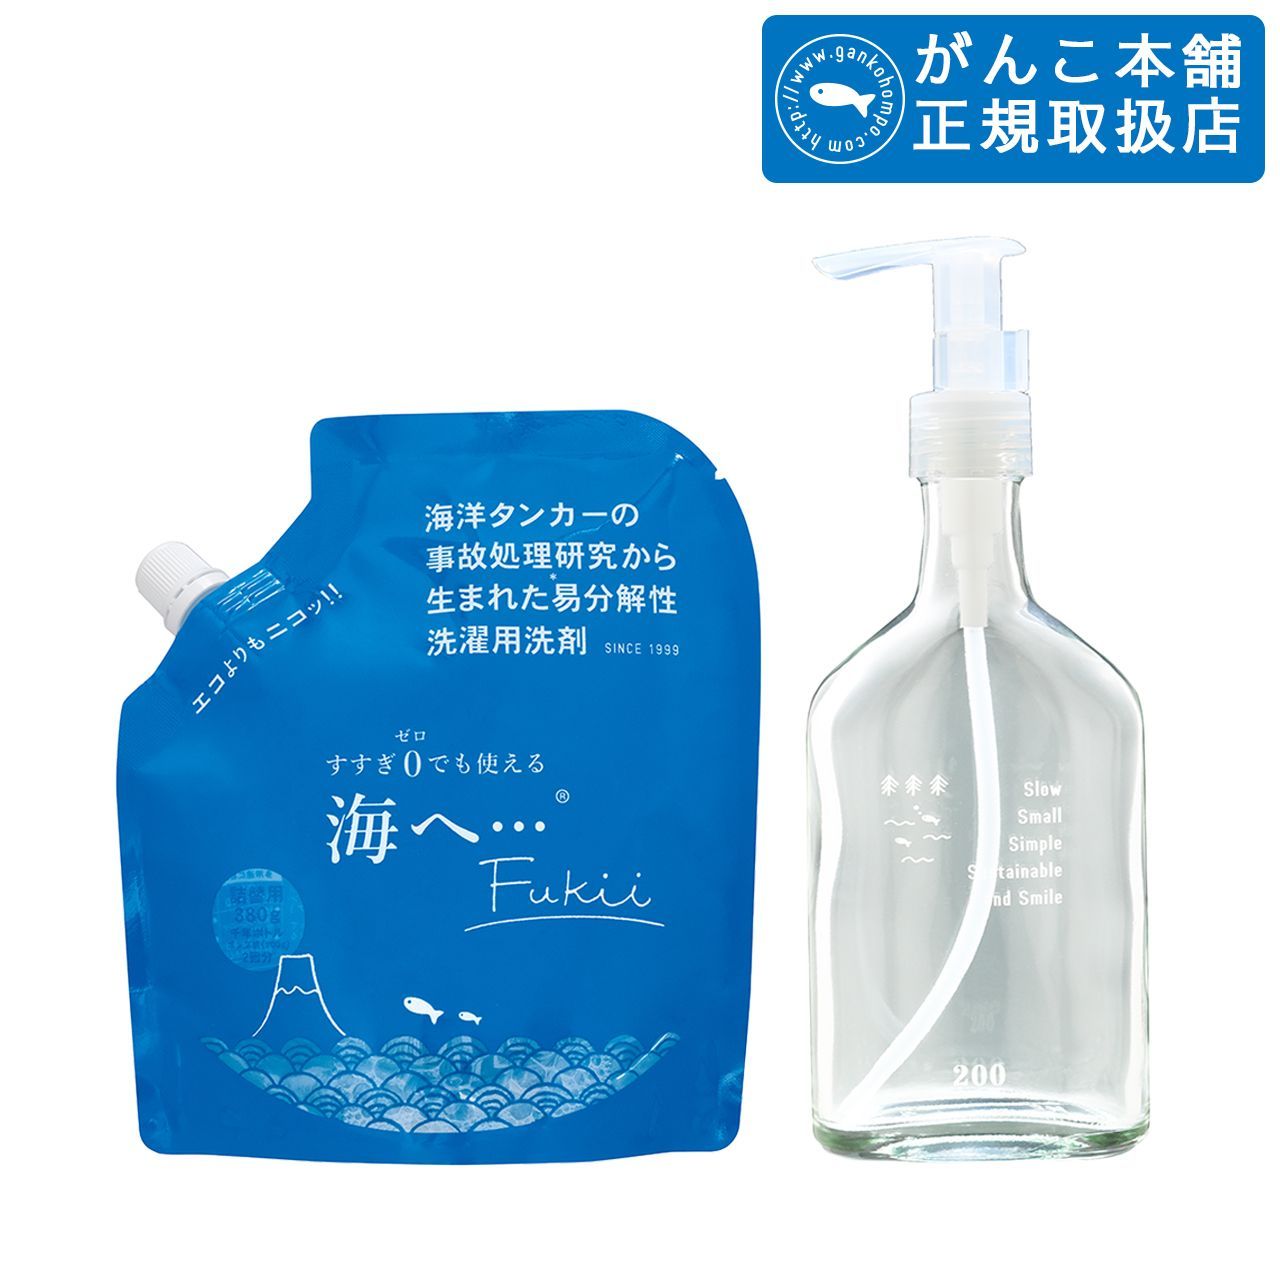 がんこ本舗 海へ… Fukii 洗濯用洗剤 - 洗濯洗剤
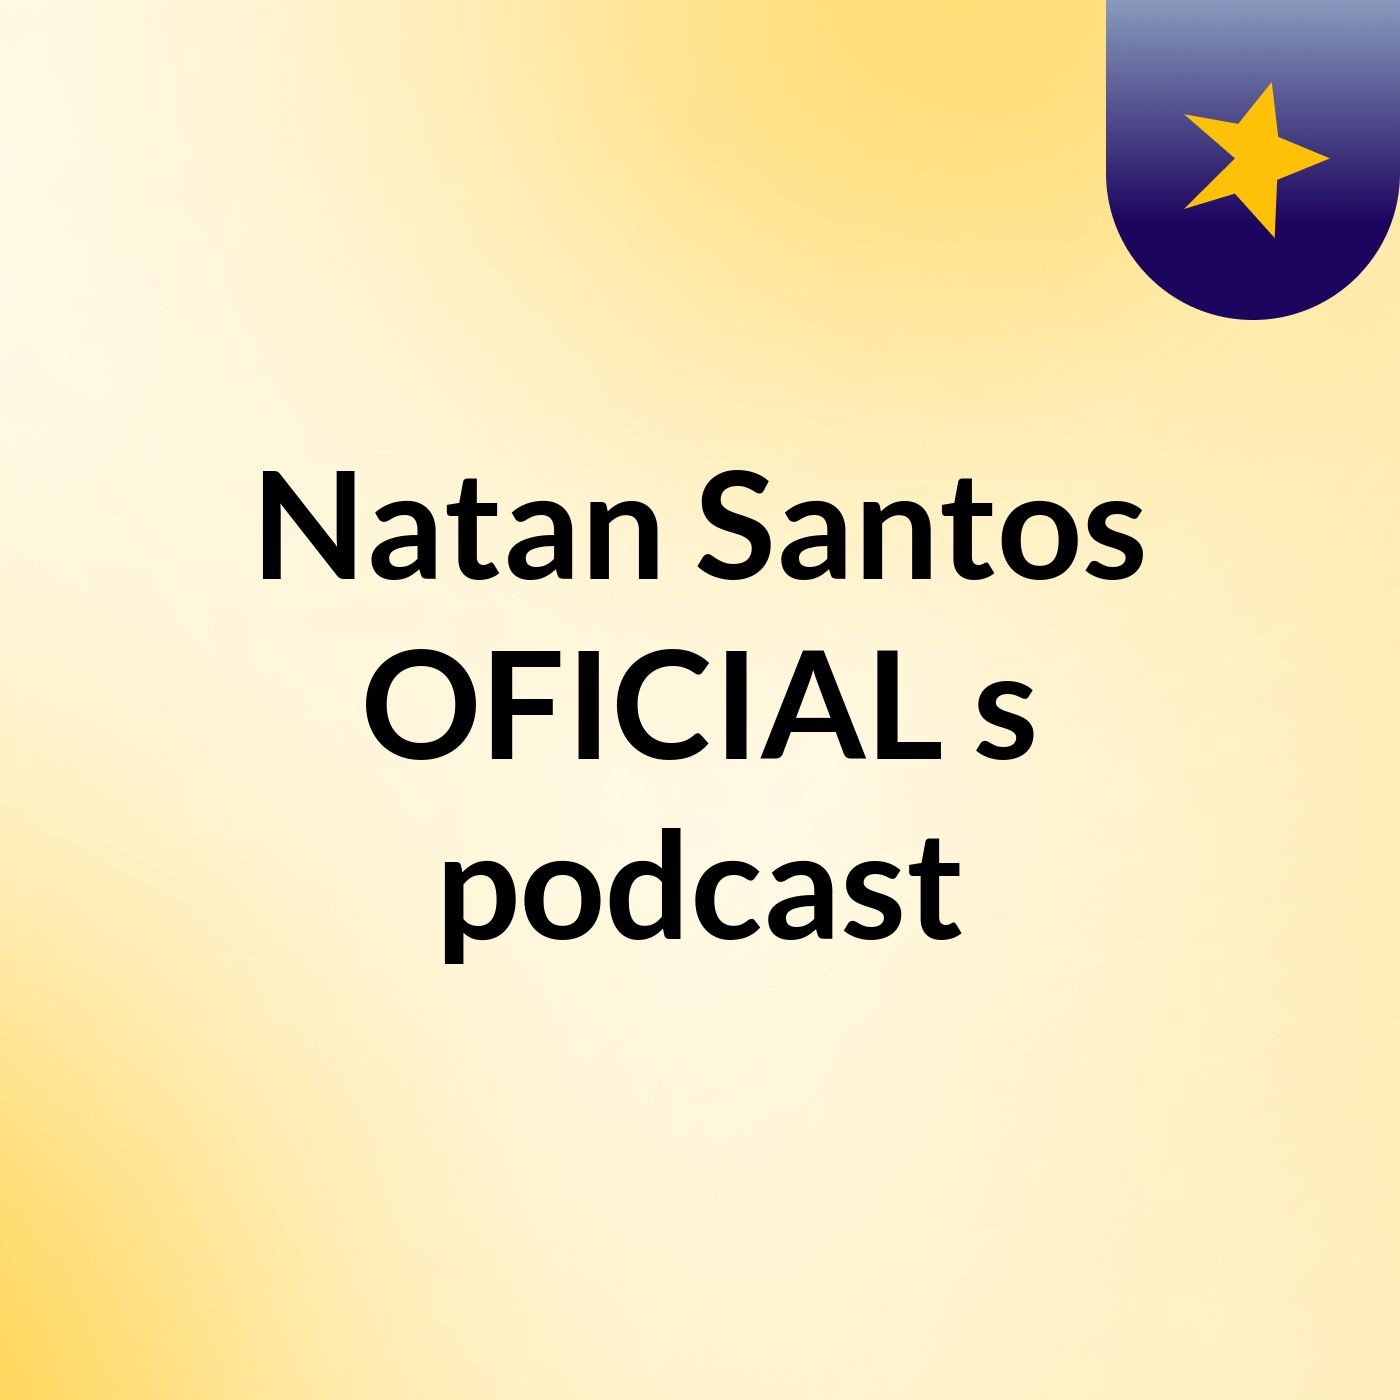 Natan Santos OFICIAL's podcast
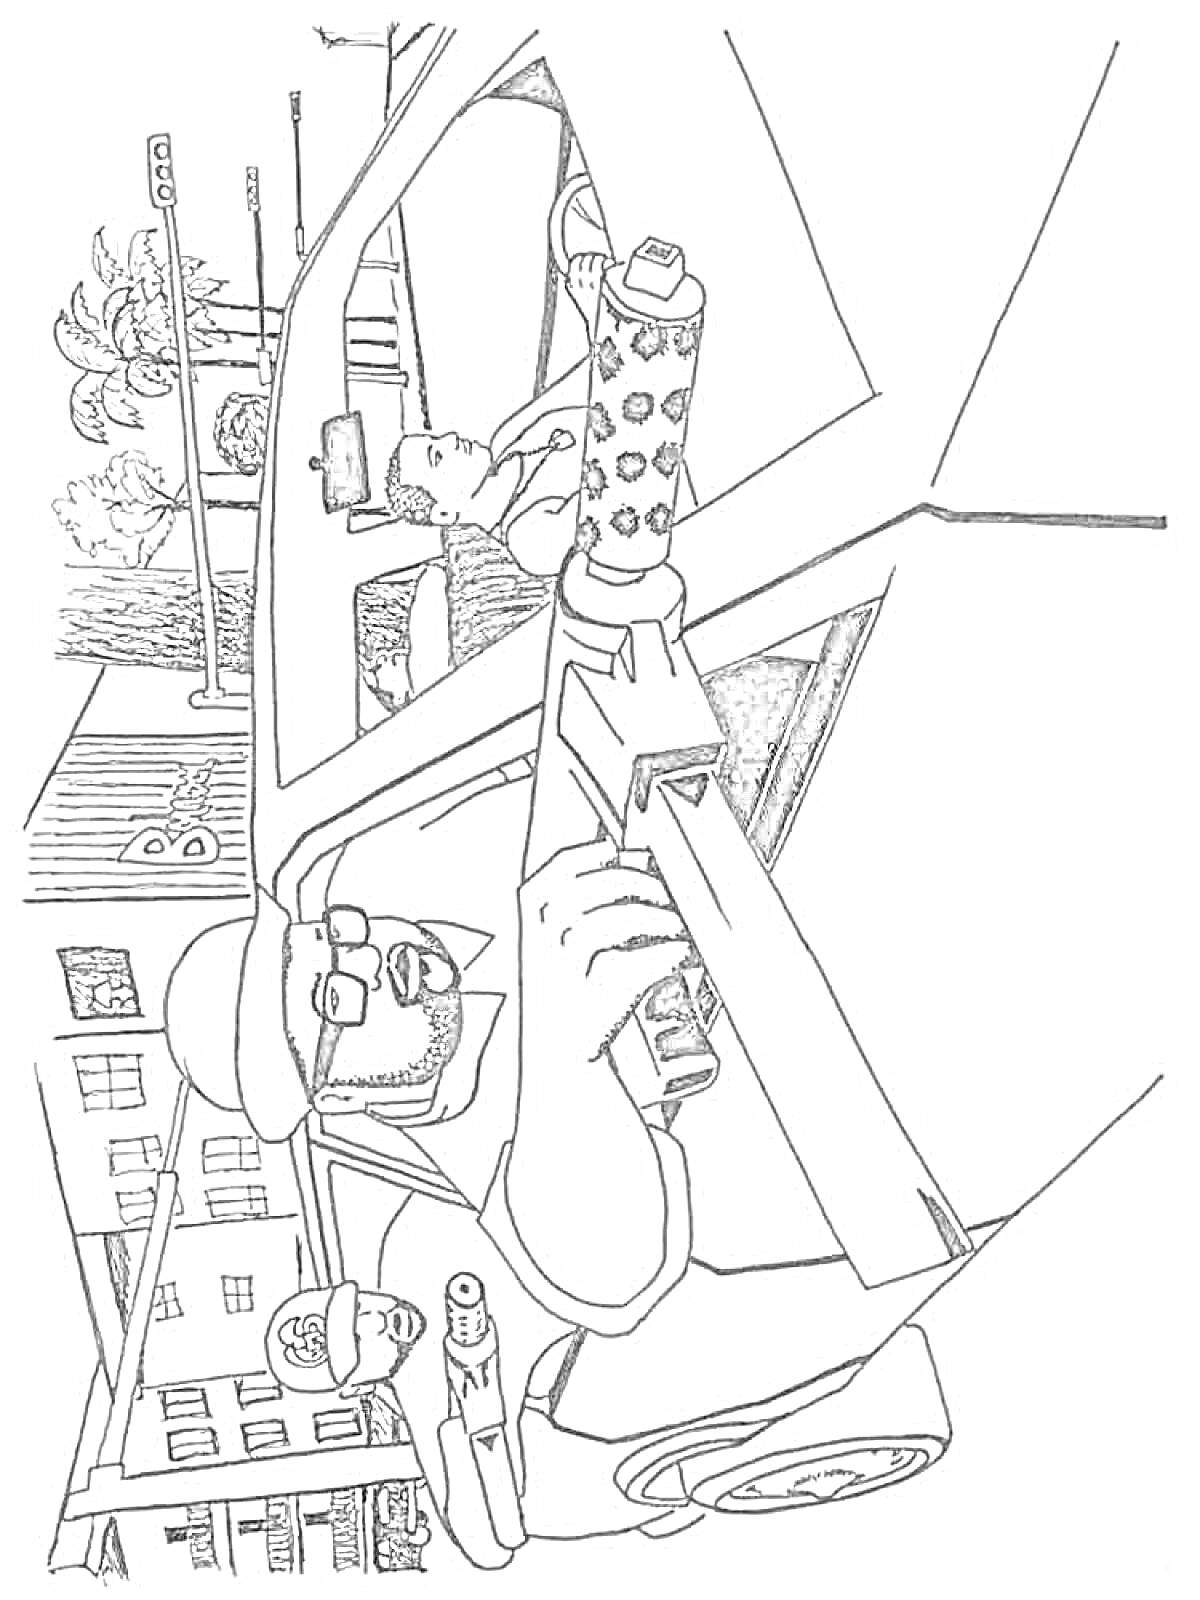 Шутка в стиле ГТА - трое персонажей в машине с оружием, здания и деревья на фоне
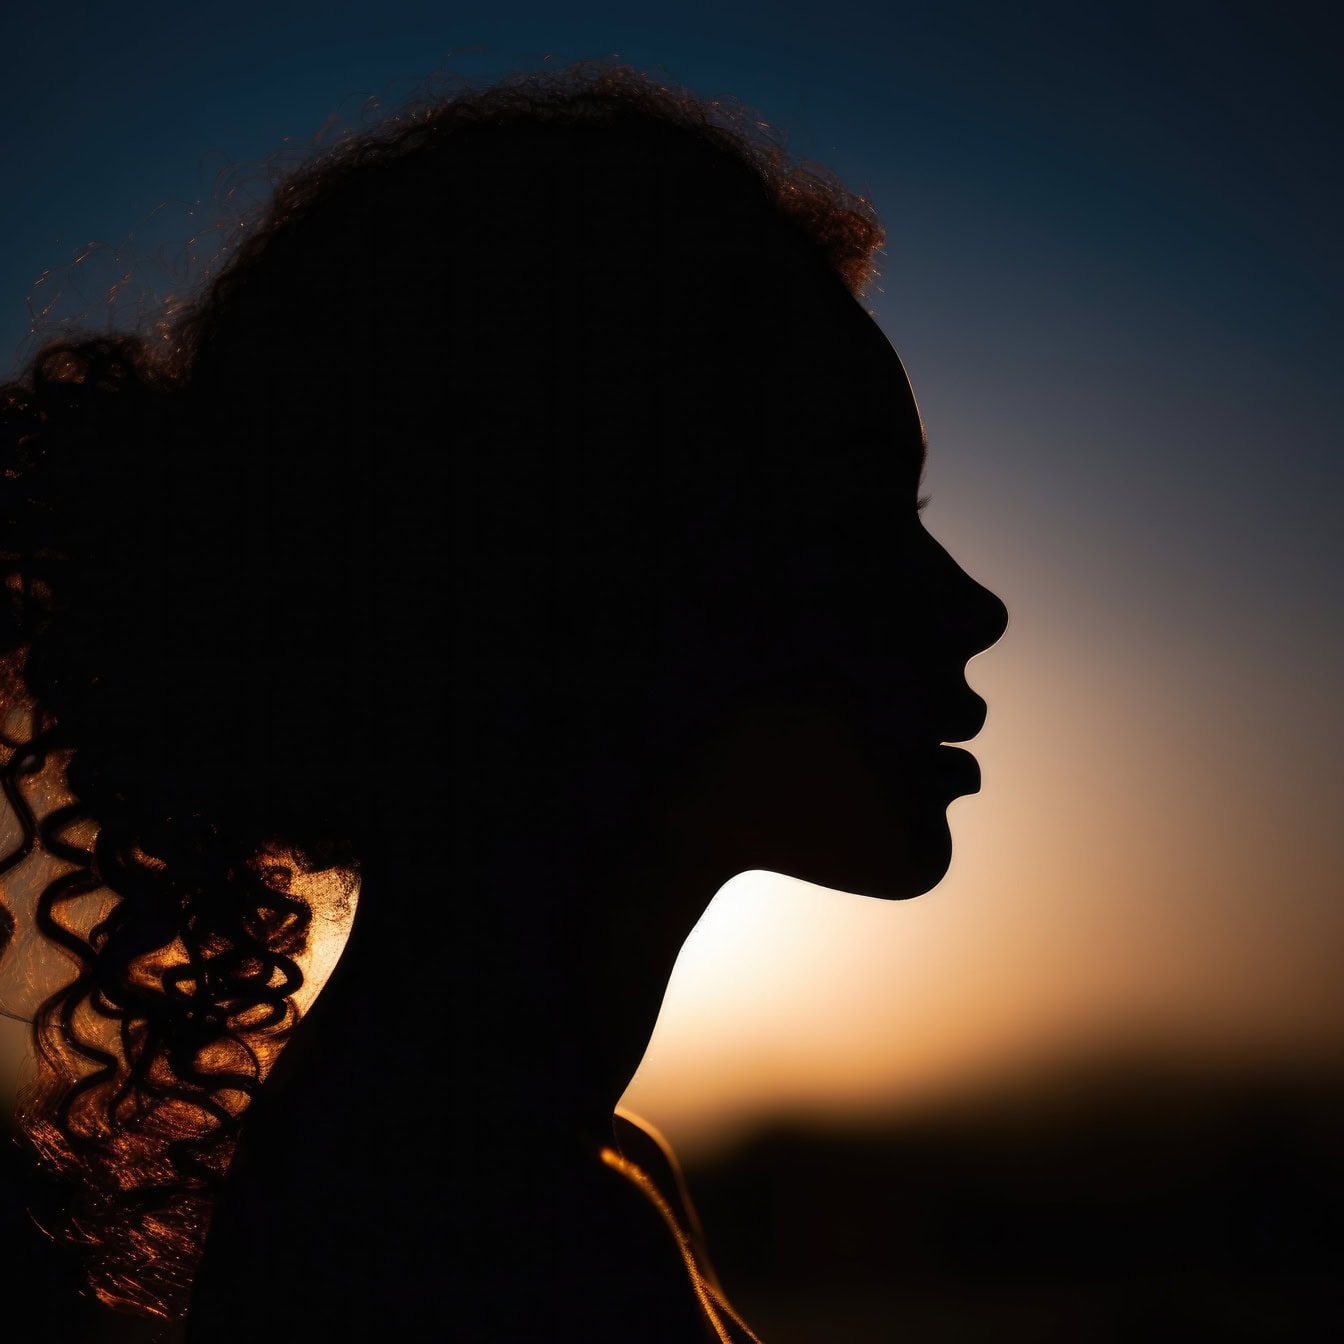 ภาพเงาของโปรไฟล์ของผู้หญิงผมหยิกยาวที่มีพระอาทิตย์ตกเป็นแสงไฟ
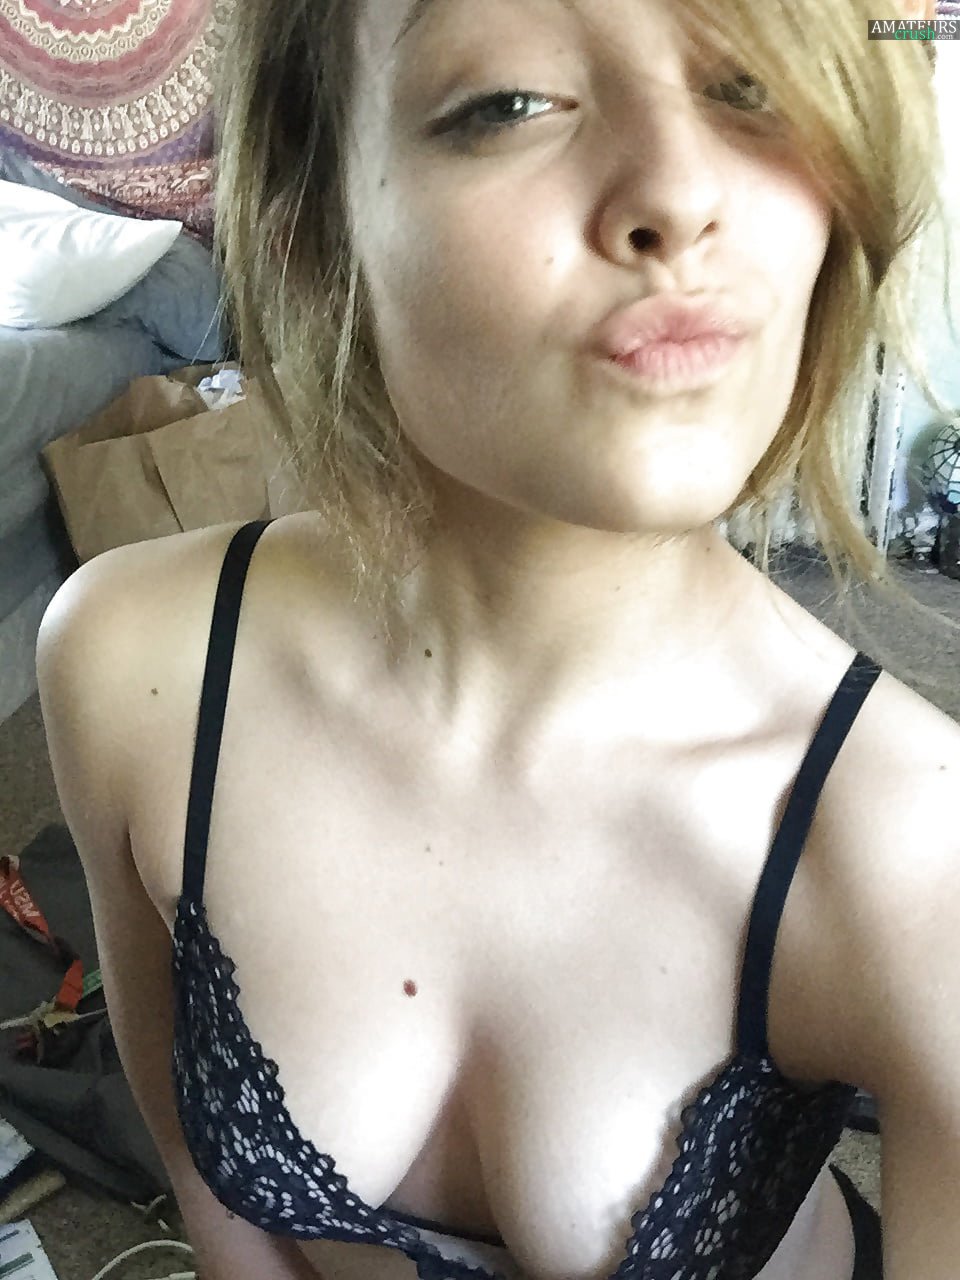 galleries blonde bra cleavage selfie pics

-----

**TASK DETAILS**
With the pictures left out, output all the entries exactly.

**ANSWER**
 がんこ本舗 海へ… Fukii 洗濯用洗剤 - 洗濯洗剤
 Natan Santos OFICIAL's podcast
 Шутка в стиле ГТА - трое персонажей в машине с оружием, здания и деревья на фоне
 ภาพเงาของโปรไฟล์ของผู้หญิงผมหยิกยาวที่มีพระอาทิตย์ตกเป็นแสงไฟ
 galleries blonde bra cleavage selfie pics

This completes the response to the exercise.